Por Sílvio Barsetti, O Estado de S. Paulo
As ''perdas internacionais'' e o embate permanente com as
organizações Globo talvez não estivessem no topo da lista de preocupações de
Leonel Brizola (1922-2004) ao longo de boa parte de sua vida pública. O
ex-governador do Rio Grande do Sul e do Rio de Janeiro - em dois mandatos -,
convivia diariamente com uma adversidade caseira, sobre a qual não exercia
nenhum controle. Chamava-se Neusinha Brizola, sua filha, famosa por escândalos,
quase todos relacionados ao consumo de drogas.
"Minha vontade é sentar o relho no teu lombo",
disse uma vez o então candidato à Presidência da República pelo PDT para a
filha. Isso porque Neusinha escondeu um tablete com um quilo de heroína debaixo
de um assento do carro utilizado pelo pai durante a campanha. Por vários dias,
Brizola circulou pelo Rio com a droga alojada no veículo. Seu motorista se
surpreendeu ao descobri-la e, nervoso, fez o relato ao patrão.
Brizola se enfureceu e desferiu um ''não rotundo'' à
Neusinha. "Que porcaria é aquela que o chofer encontrou debaixo do meu
banco? Então você me faz andar pra cima e pra baixo, durante quase um mês, com
a bunda em cima de um quilo de droga?" O sermão continuou e, por fim, ele
expulsou a filha de casa. "Minha vontade é de te cagar a laço, tchê."
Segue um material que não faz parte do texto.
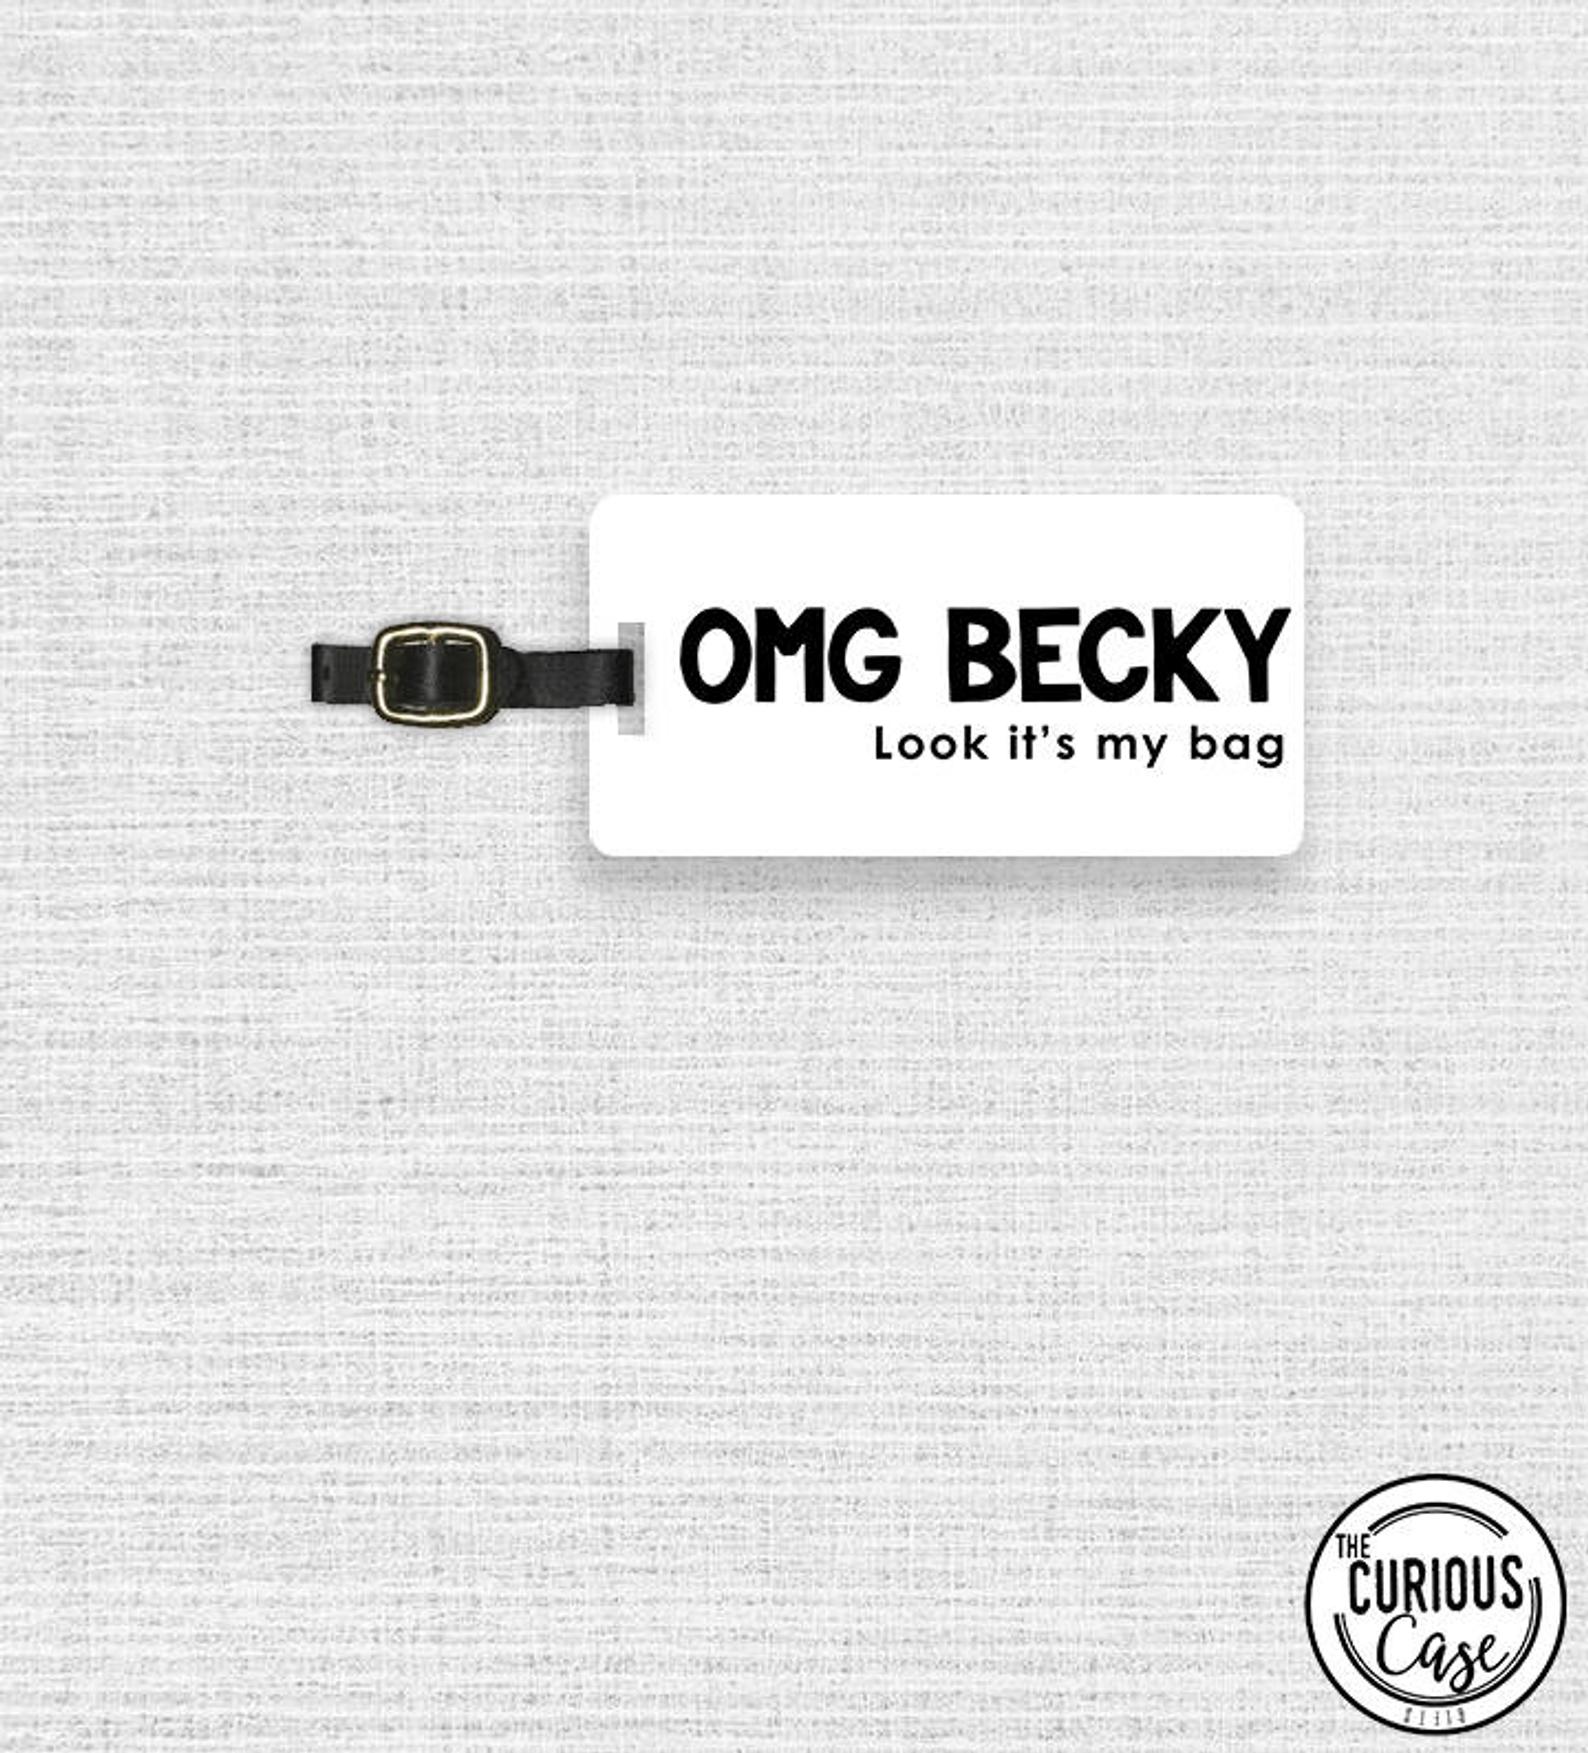 funny luggage tags - omg becky look it's my bag

Neusinha foi morar em Amsterdã.
Essa história está relatada na biografia ''Neusinha Brizola
Sem Mintchura'' (Editora Interface Olympus), que vai ser lançada nesta
quinta-feira, 20, no Rio (Fnac, no Barra Shopping). Os autores, Fabio Fabricio
Fabretti e Lucas Nobre, gravaram mais de 20 horas de entrevista com a
personagem, que morreu em 2011, aos 56 anos, vítima de complicações provocadas
por uma hepatite. A narrativa, na primeira pessoa, reúne intimidades da família
Brizola e mergulha no submundo vivido por Neusinha, presa diversas vezes por
porte de drogas.
A dor de cabeça de Brizola com as estripulias da filha o
levou a demitir o secretário estadual de Transporte, José Colagrossi, em 1983,
por causa de uma festa gótica organizada por Neusinha, com direito a fantasia
de Cleópatra, num prédio que pertencia à secretaria. Brizola governava o Rio
pela primeira vez e ficou contrariado com a repercussão e os detalhes do
evento. Numa área pública, instrumentos de tortura eram oferecidos aos
convidados, todos com roupas pretas e servidos por garçons encapuzados à Ku Klux
Klan.
Ao saber da decisão do pai, Neusinha foi a seu gabinete
tentar interceder a favor de Colagrossi. "Pai, o que você está fazendo não
é certo." Ouviu nova reprimenda. "Certo foi o que você e ele não
fizeram. Isso é insustentável. Aquele prédio pertence ao Estado, não é uma casa
de festas."
A relação tempestuosa entre os dois durou décadas e criou
outras situações de embaraço para Brizola. O terceiro colocado na corrida
presidencial de 1989, com mais de 11 milhões de votos, chegou a dizer que sua
tolerância com Neusinha havia se esgotado para sempre. Anos mais tarde, já no
leito de um hospital, em 2004, o político e a cantora, autora do hit Mintchura,
ensaiaram uma aproximação. Ela se dizia arrependida por ter deixado o pai em
apuros um sem-número de vezes. Flexível, ele aceitou o seu beijo.